L’inattesa fiammata dell’inflazione e l’altrettanto inaspettato fenomeno della carenza di lavoratori in molti settori, dalla ristorazione al turismo, sono fenomeni destinati a esacerbare il dibattito sul livello degli stipendi. In Italia sono fermi da decenni e, secondo l’Ocse, rispetto al 1990, sono diminuiti del 2,9% in relazione al potere d’acquisto. Nello stesso periodo, in Francia e Germania sono cresciuti rispettivamente del 31,1% e del 33,7%; negli Usa addirittura del 47,7%.
Per questo motivo, in Italia non si discute solo di incrementi degli stipendi ma anche di salario minimo : ovvero, lo strumento per garantire che i lavoratori più deboli, quelli senza competenze e con pochissimo potere contrattuale, non scivolino nell’indigenza. È presente in tutte le maggiori economie occidentali e, naturalmente, varia soprattutto in base allo stato dell’economia del Paese, al livello dei prezzi, ma anche alla cultura socioeconomica prevalente.
Il salario minimo più alto è, ovviamente, in Lussemburgo e Irlanda, dove arriva rispettivamente a 12,73 e 10,5 euro lordi all’ora ma, allo stesso tempo, quello francese di 10,48 euro orari, che supera quello applicato in Germania pari a 9,50 all’ora, nonostante il reddito pro-capite in Francia sia significativamente inferiore a quello tedesco. Come mai? Tra i motivi vi è sia la tradizionale maggiore attenzione ai diritti dei lavoratori in Francia, sia la presenza di un orario lavorativo più ridotto, ufficialmente di 35 ore. Quindi, per ottenere un totale mensile simile a quello pagato in Germania, dove si lavora per legge 39,1 ore settimanali, ovvero poco meno di 1.590 euro, si deve avere un salario minimo orario maggiore.

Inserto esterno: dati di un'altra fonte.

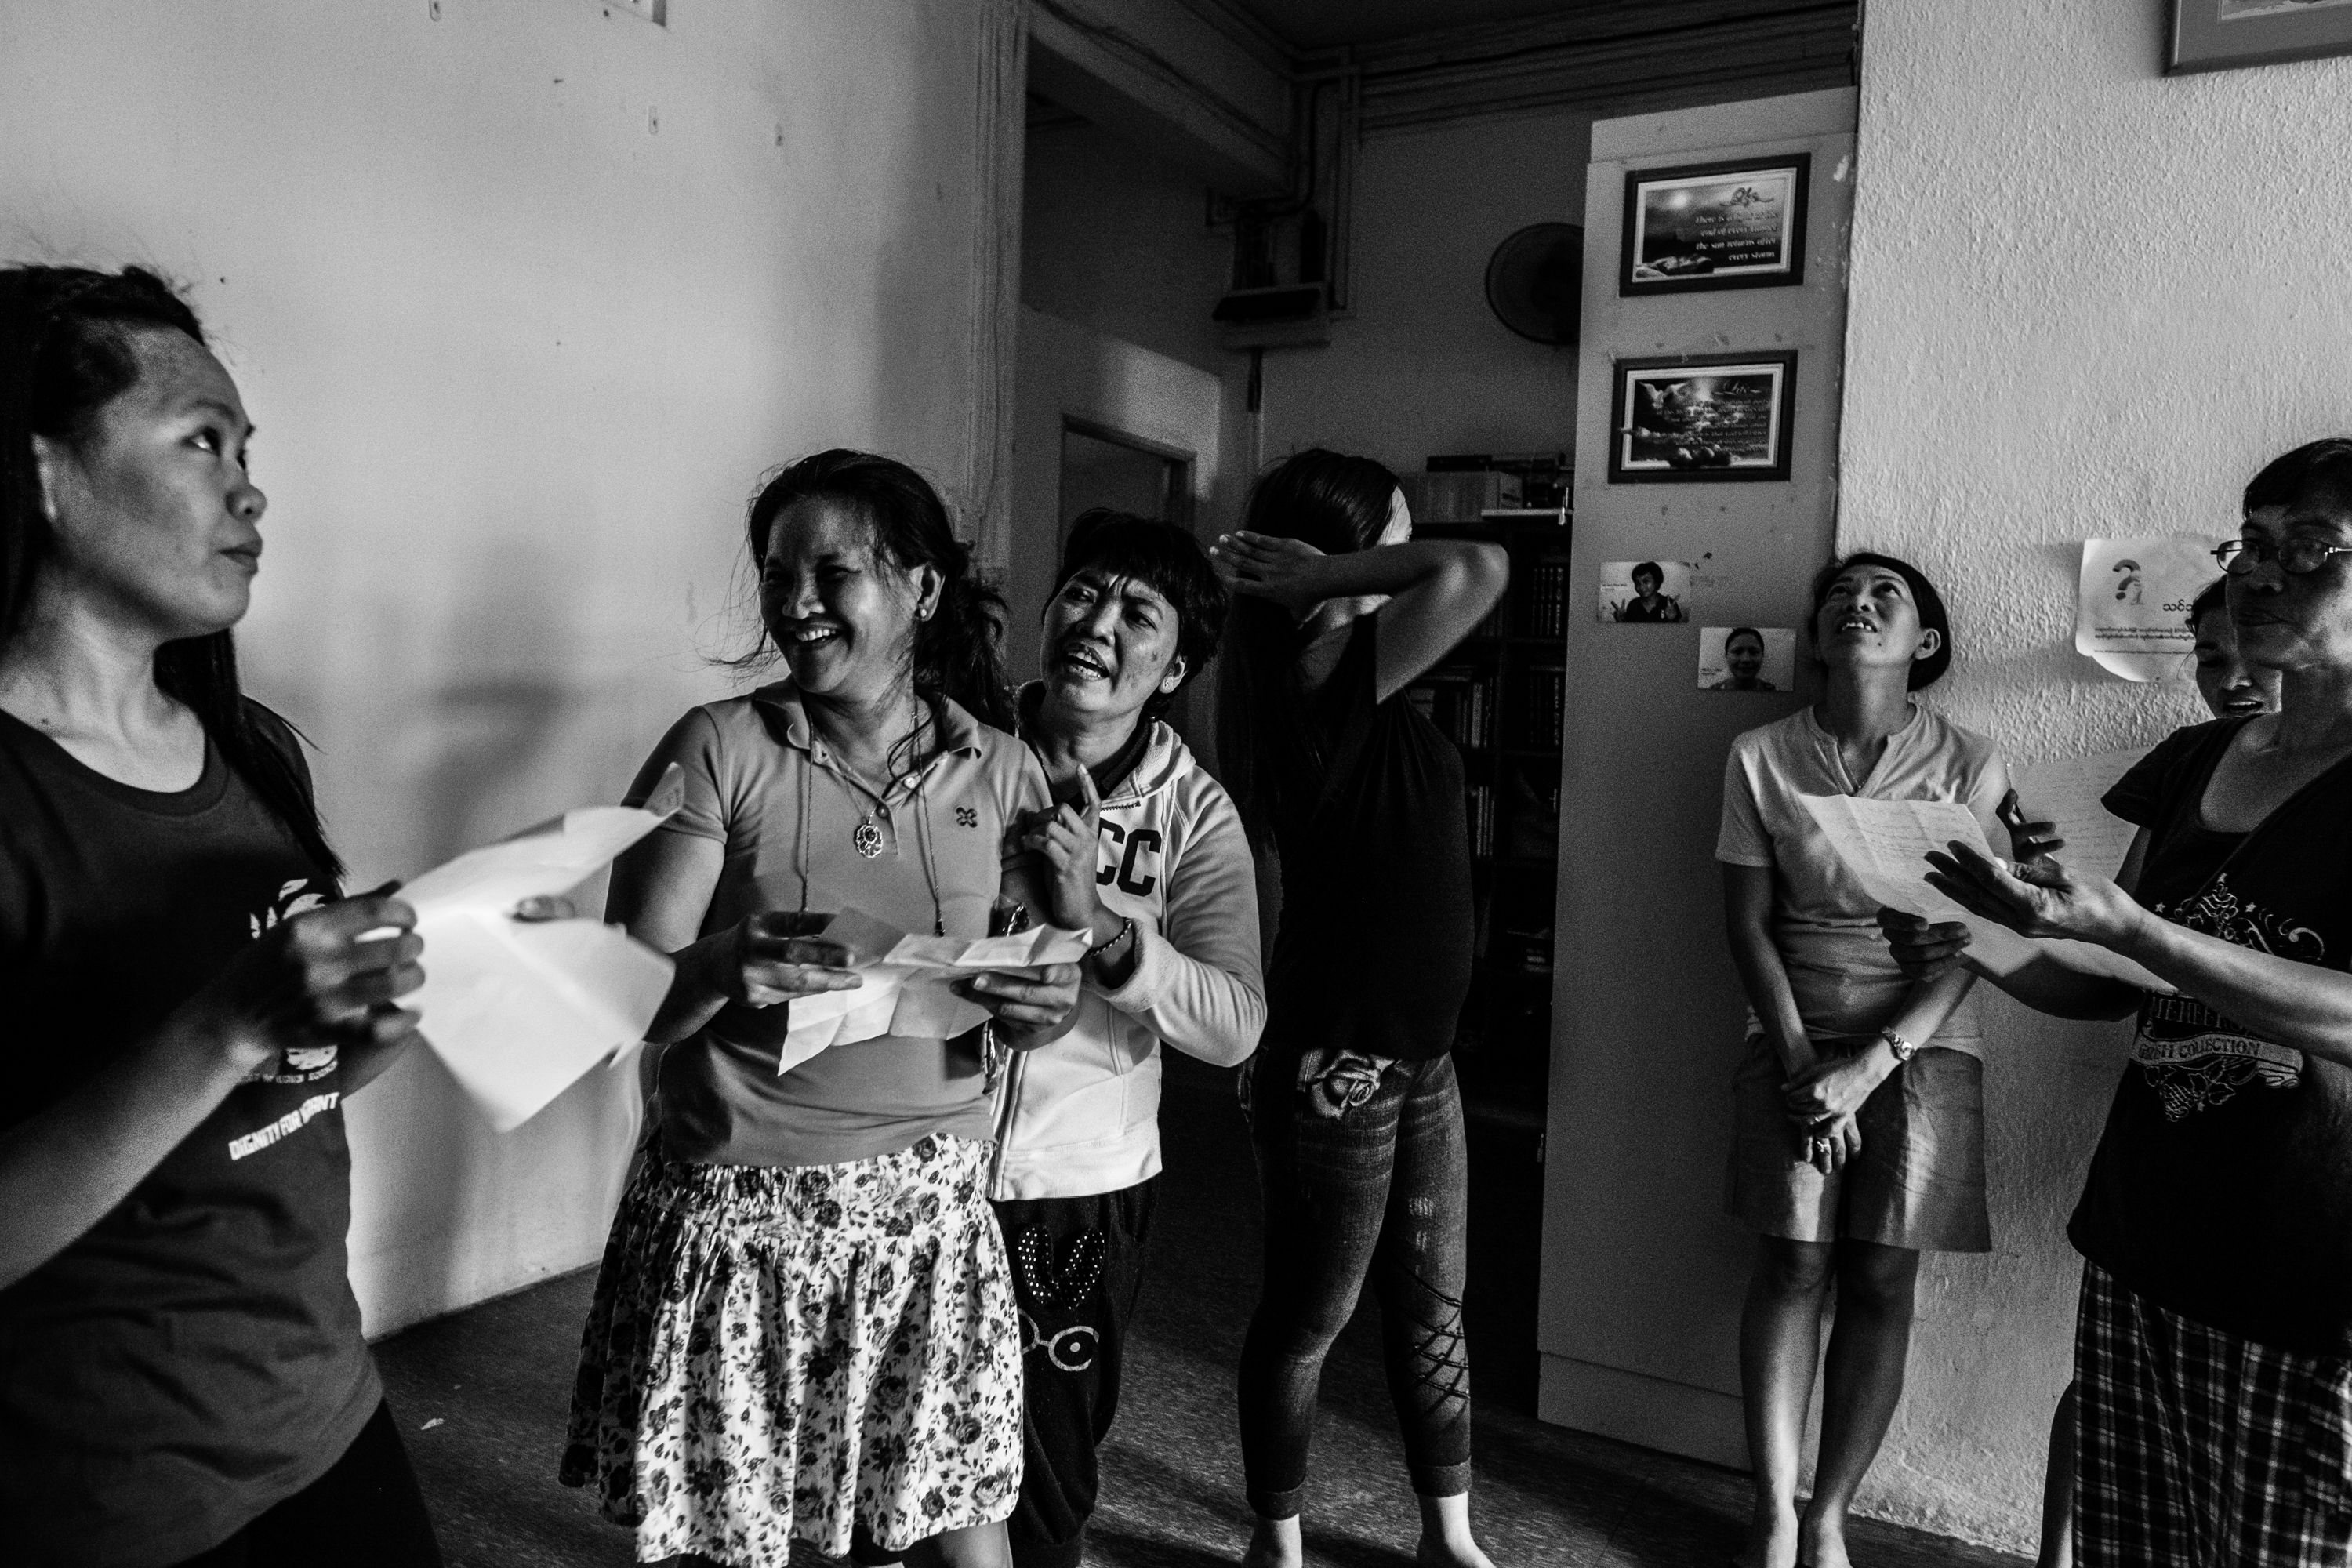 Runaway migrant workers practiced a song inside the shelter to stay active despite their painful situations.Image by Xyza Bacani. Singapore, 2016.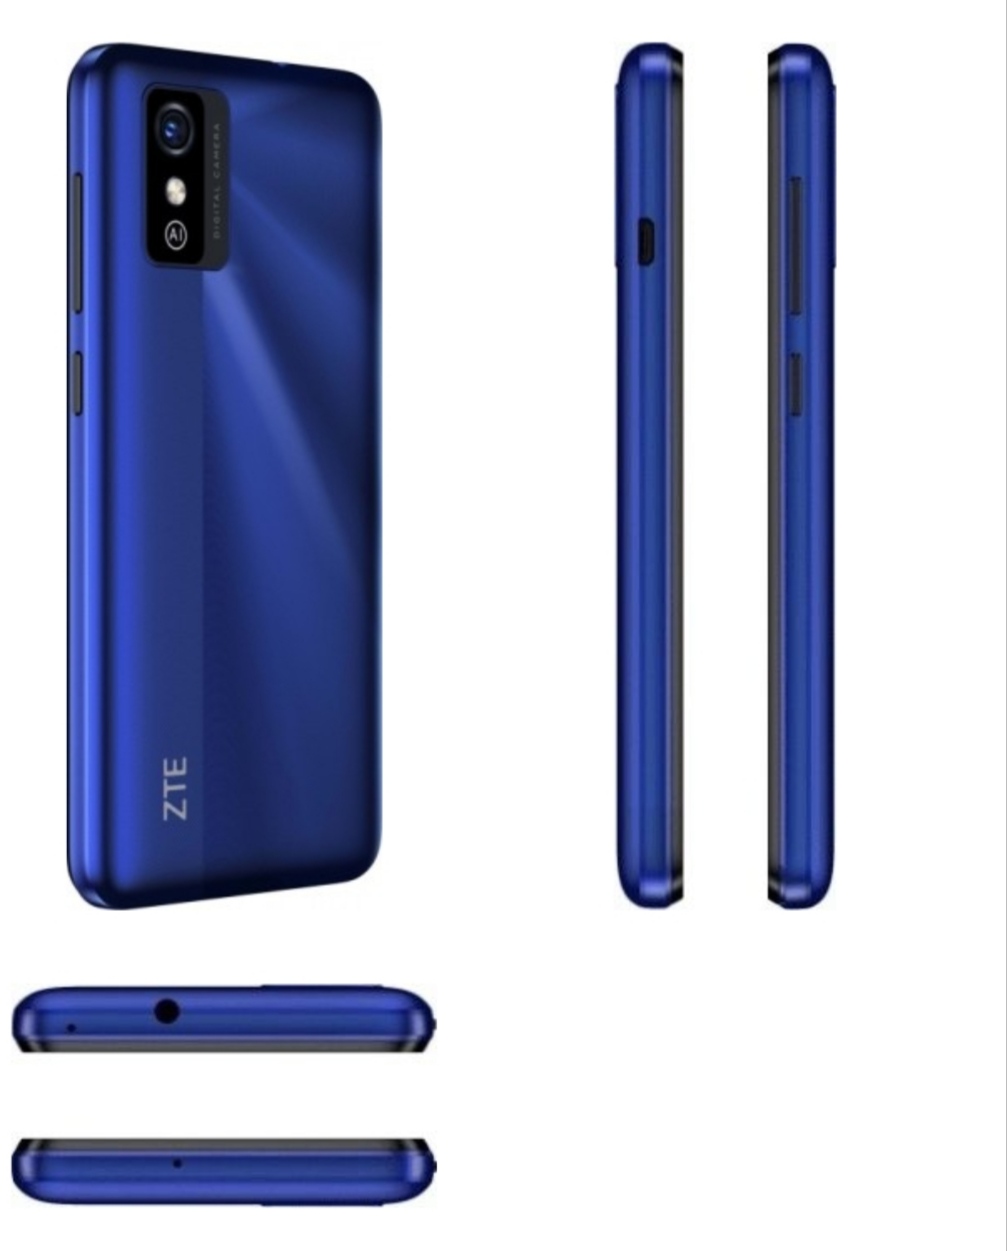 ZTE Blade L9 Smartphone | See Specs and Features | DroidAfrica

Più che in Francia e Germania, ma meno che in Irlanda, guadagnano i lavoratori più poveri di Belgio e Paesi Bassi, 1.625,72 e 1.701 euro lordi, rispettivamente 9,67 e 9,82 euro a livello orario.
Il salario minimo nei Paesi mediterranei : un modello per l’Italia?
Decisamente più bassi sono i salari minimi di quei Paesi in cui l'economia è più debole della media Ue. In Spagna, dove sono definiti solo mensilmente, si scende a 1.125,83 euro al mese, o meglio a 965 euro pagati in 14 mensilità, come si usa fare in moltissimi contesti anche in Italia.
Proprio il Paese iberico, tuttavia, è tra quelli in cui vi sono stati i maggiori aumenti nel corso degli anni. Basti pensare che 10 anni fa, nel pieno della crisi economica, il salario minimo misurato su 12 mesi era solo di 748,3 euro. In questo lasso di tempo, nonostante si partisse da una base molto minore, l’incremento è stato superiore a quello che si è visto in Francia e in diversi altri Paesi. Il maggiore balzo, tra 858,55 e 1.050 euro, è avvenuto all’inizio del 2019, per volontà politica del nuovo governo del socialista Sanchez.
Altrove, per esempio in Grecia e Portogallo, il salario minimo è decisamente più basso e non ha registrato aumenti simili a quelli spagnoli. Soprattutto, questo non è accaduto nel Paese ellenico, in cui il salario minimo attuale corrisponde a 758,33 euro mensili , pari a 3,94 all’ora ed è addirittura inferiore a quello precedente alla devastante recessione cominciata nel 2009 e, seppur di poco, è più basso di quello applicato ai lavoratori portoghesi (di 775,83 euro su 12 mesi, corrispondenti a 4,13 euro all’ora).
Questi numeri, però, fanno notare molti economisti, vanno confrontati con quelli degli stipendi mediani. In Francia quelli minimi ammontano al 61% di questi, in Germania al 51%, in Spagna al 55%, in Belgio solo al 44%.
Quale modello sarà adottato in Italia se si deciderà di passare dai minimi in base al CCNL a uno generale? Se la richiesta dei sindacati è di 9 euro lordi all’ora, che ci avvicinerebbe a un mensile simile a quello tedesco, più realisticamente ci si sposterà verso una via di mezzo tra queste cifre e quelle spagnole, nella speranza che l’assegno possa poi crescere come accaduto nel Paese iberico, perché avrà avuto fine quella stagnazione generale dei salari che è il vero problema.